Dabei ist festzuhalten, dass die ideologiegetriebene Vorrangstellung von Windkraft und E-Mobilität hierzulande ohnehin abzulehnen ist. Unabhängig von dieser grundsätzlichen Kritik bleibt jedoch festzuhalten, dass die aktuelle Politik eine massive Rohstoffabhängigkeit vom Ausland zementiert.

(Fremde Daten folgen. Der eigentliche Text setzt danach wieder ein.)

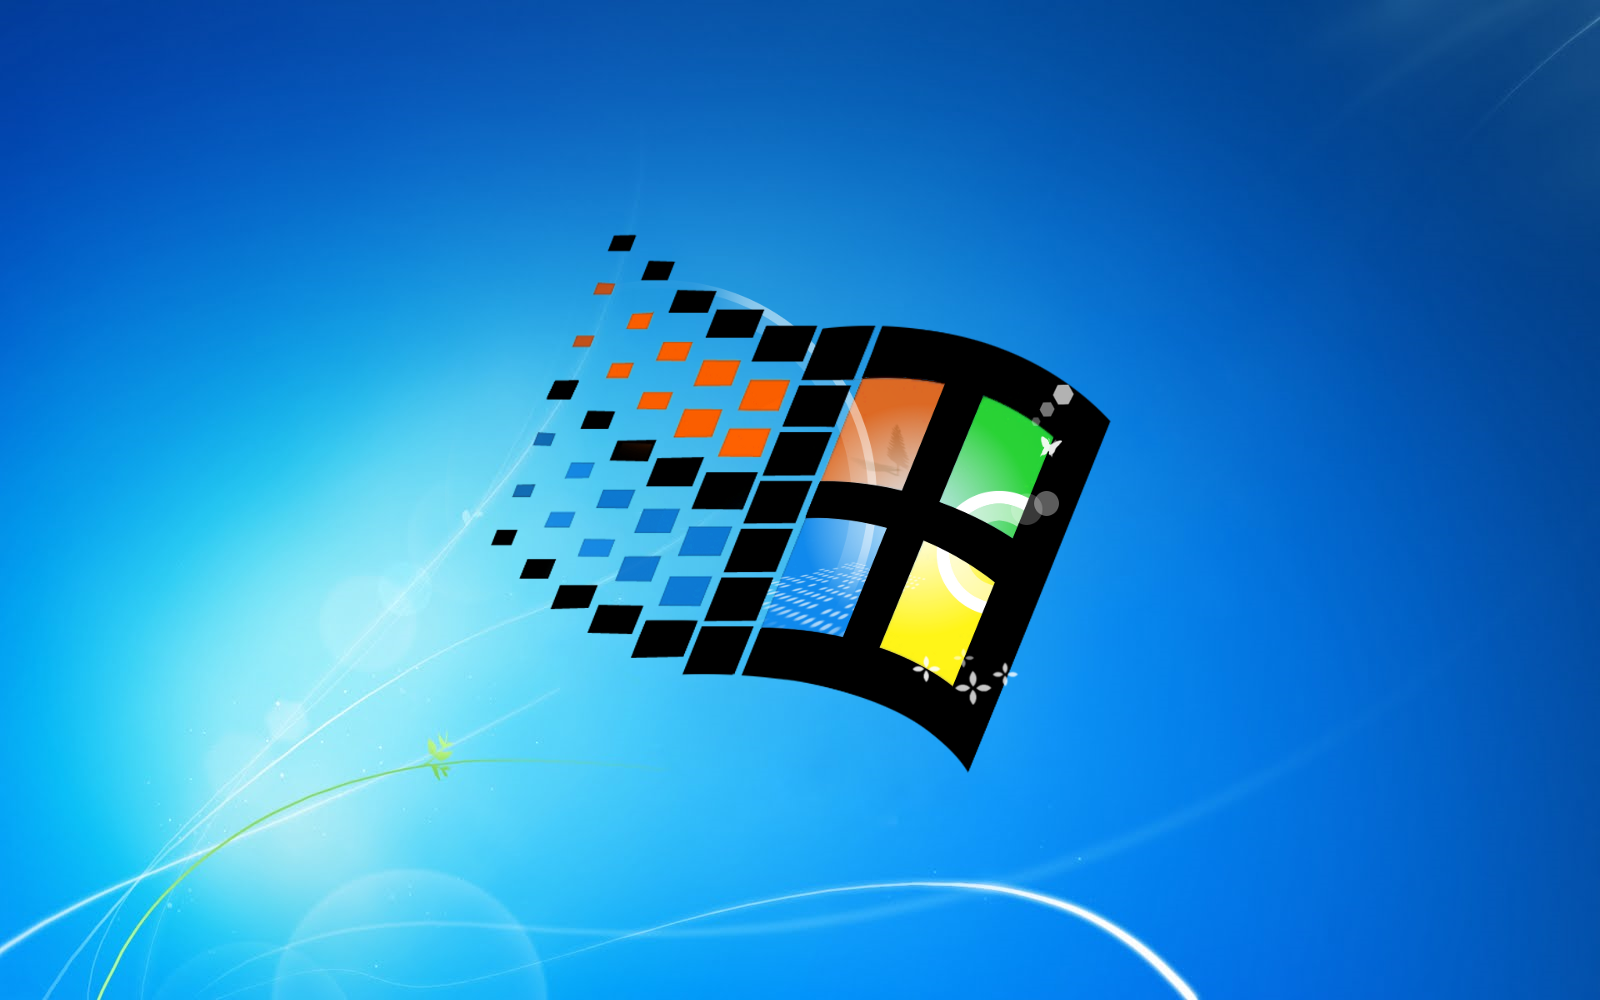 I wanted a Windows 95 ultrawide wallpaper so I made my own [3840x1600] :  r/WidescreenWallpaper

Ohne Seltene Erden ist die derzeit forcierte Energiewende nicht umsetzbar, schließlich sind je Windrad gut eine Viertel Tonne Seltene Erden verbaut. Auch die „Mobilitätswende“ stößt an ihre Grenzen, da sich in jedem E-Auto durchschnittlich um die fünf Kilogramm dieser wertvollen Stoffe finden. Die Recyclingquoten erreichen bisher nicht einmal zehn Prozent.

#WirWerdenMehr
Deutschland muss seine Zukunftsfähigkeit sichern durch eine Diversifizierung der Lieferketten und ideologiefreie Rohstoffpartnerschaften, die sich an der ökonomischen Interessenlage orientieren. Wo heute die Diplomatie suspendiert und nur noch sanktioniert wird, muss wieder der Leitsatz „Wandel durch Handel“ gelten, um über die Brücke der Ökonomie Polarisierungen abzubauen. Dies bedeutet auch, sich selbst wieder als Rohstoffstandort zu begreifen und entsprechende Raffineriekapazitäten anzuvisieren.
Ausverkauf heimischer Bodenschätze stoppen
Obwohl wir über Vorkommen verfügen – etwa Seltene Erden in Storkowitz (Sachsen) oder Lithium in Thüringen und Sachsen-Anhalt –, ist die Politik zu behäbig. Genehmigungsverfahren dauern Jahre, und die tätigen Konzerne sind zumeist international gesteuert.
Professor Robert Frau (TU Bergakademie Freiberg) beklagt zudem den fehlenden Schutz vor einem Ausverkauf: Abbaurechte sind in der EU nicht an Ausfuhrbeschränkungen geknüpft. Der „Critical Raw Materials Act“ (CRMA) der EU ignoriert den Export kritischer Rohstoffe völlig – ein eklatantes EU-Versagen, dem sich die Bundesrepublik beugt. Höchste Zeit also für die neue HEIMAT-Rohstoffstrategie!